Pretty Girls is almost an excellent book. It’s a great read, hard to put down. It’s also really disturbing, with descriptions of torture, mutilation, rape and more. I can’t recommend it. It feels strange to tell you I enjoyed it, but I did, with caveats. The story is great–fast moving and yet still managing to develop the characters, mostly through looks at their past, how their family was irretrievably damaged and what each sister did with that. But, the violence is so disturbing, and given in what I felt was unnecessary detail, that it spoiled it for me.
There is also a lovely plot twist, which I don’t want to reveal, so I’m only going to tell you about the beginning. I didn’t want to even tell you about Paul’s death, but the book jacket already did that. So here goes:
Claire and Lydia are 2 sisters, estranged for about 20 years. It started when their oldest sister, Julia, disappeared. They’ve assumed the worst, and her vanishing ripped the family apart, causing irrevocable damage to the remaining sisters and their parents. In fact, the book opens with a letter from Sam, the father, to Julia, and there are several more interspersed throughout the story–touching, honest, and raw letters written after her disappearance. Claire married Paul, in spite of Lydia’s accusation that he tried to rape her. But Lydia was such a mess at the time–stealing from her family, high most of the time. Paul, a clean-cut graduate student, was obviously going places, and becomes a millionaire with a custom-built house. When the book opens, he and Claire are celebrating in a restaurant, when Paul uncharacteristically pulls his wife into an alley where they make out. They are attacked, and Paul is shot and killed. Claire returns from the funeral to find her extremely expensive, high-tech house being burglarized, and it’s when she begins to investigate that things go pear-shaped.
Meanwhile, Lydia has struggled to make her own life. She’s dating an ex-con and staying clean. She has a daughter, 18, a senior in high school, whose existence she’s hidden from her family. She’s managed to get her into a very good school, and we are introduced to the duo at a school event, where Lydia is snarky about the other mothers and their charmed, white-bread lives. We like her character right away–scrappy, self-sufficient, tough and determined, but with a sense of humor. Claire, on the other hand, seems a bit brittle at first.

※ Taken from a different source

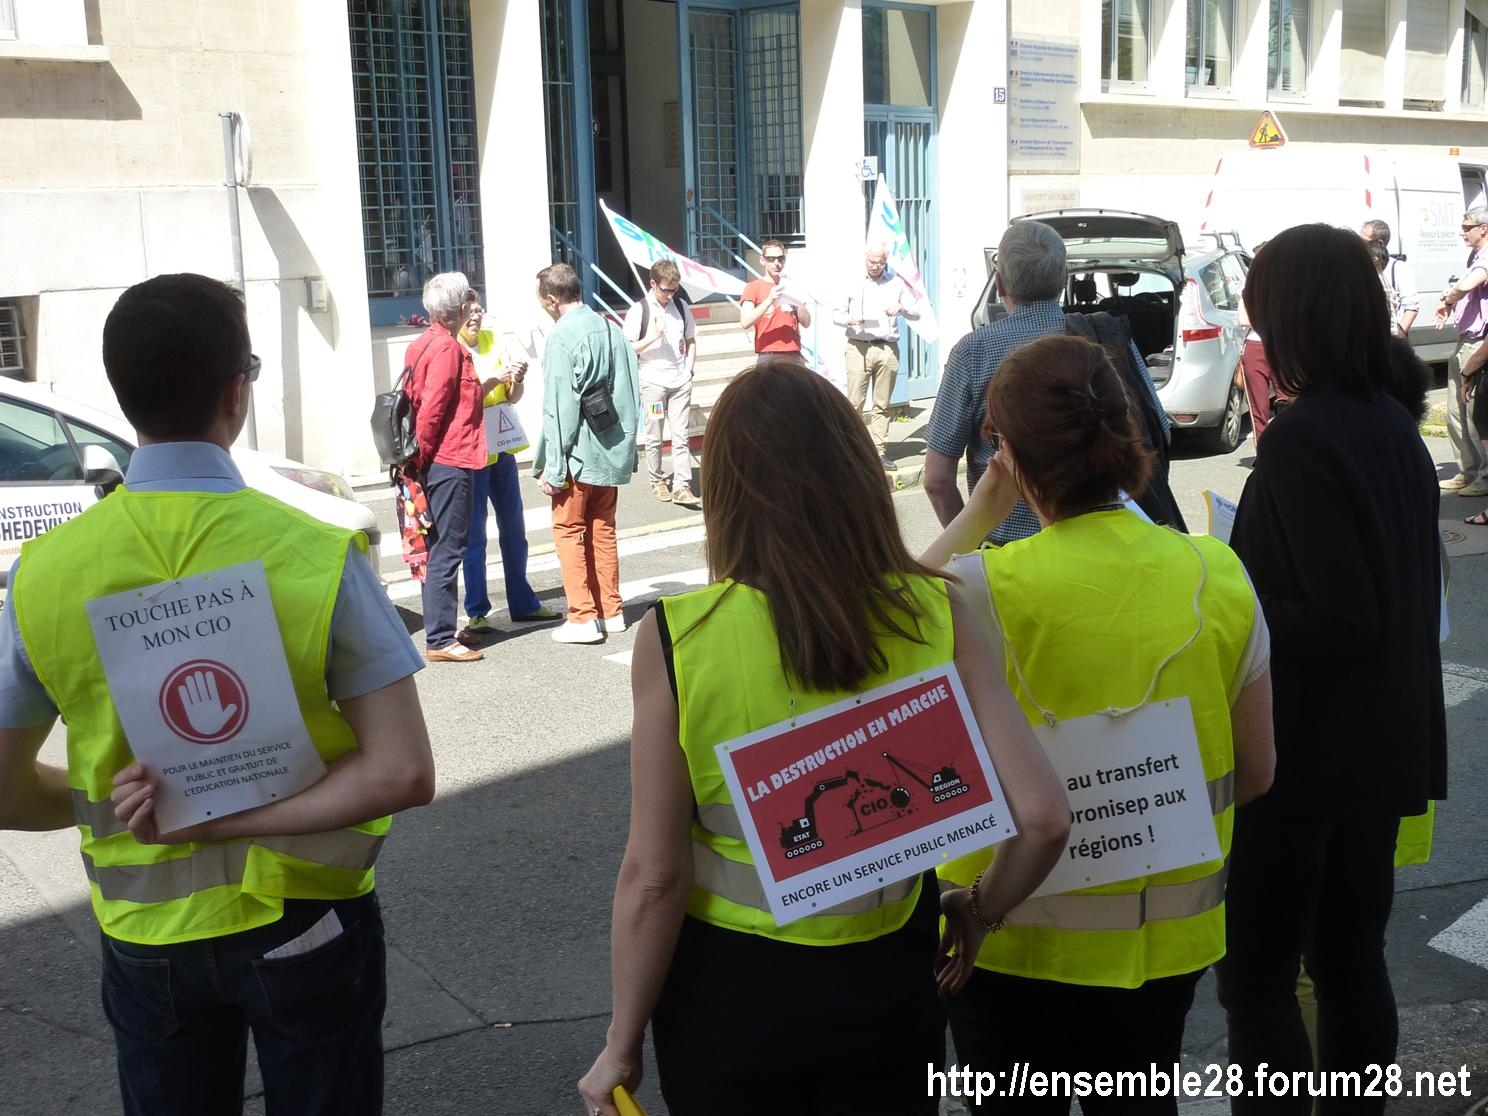 19-04-2018 Chartres Manifestation Interprofessionnelle CGT Solidaires SNES-FSU n°02

Events draw Claire and Lydia together, almost against their wills. The sisters reunite, and have to learn to work past their hurts and wounds if they are going to survive the latest ordeal. Because although it seems odd, something connects both Julia’s disappearance and Paul’s murder, and finding out is going to take every ounce of strength and will to survive, and love, that the sisters have.
Pretty Girls is a good story if you’re not bothered by violence against women. If you are and you decide to try it anyway, you can do what I did–sort of squint a bit and skim through the pages. (You can’t just skip them as they are essential to the plot) It’s too bad, because it could have been an excellent book, but I don’t see the point of creating horrible and graphic scenes of torture as entertainment.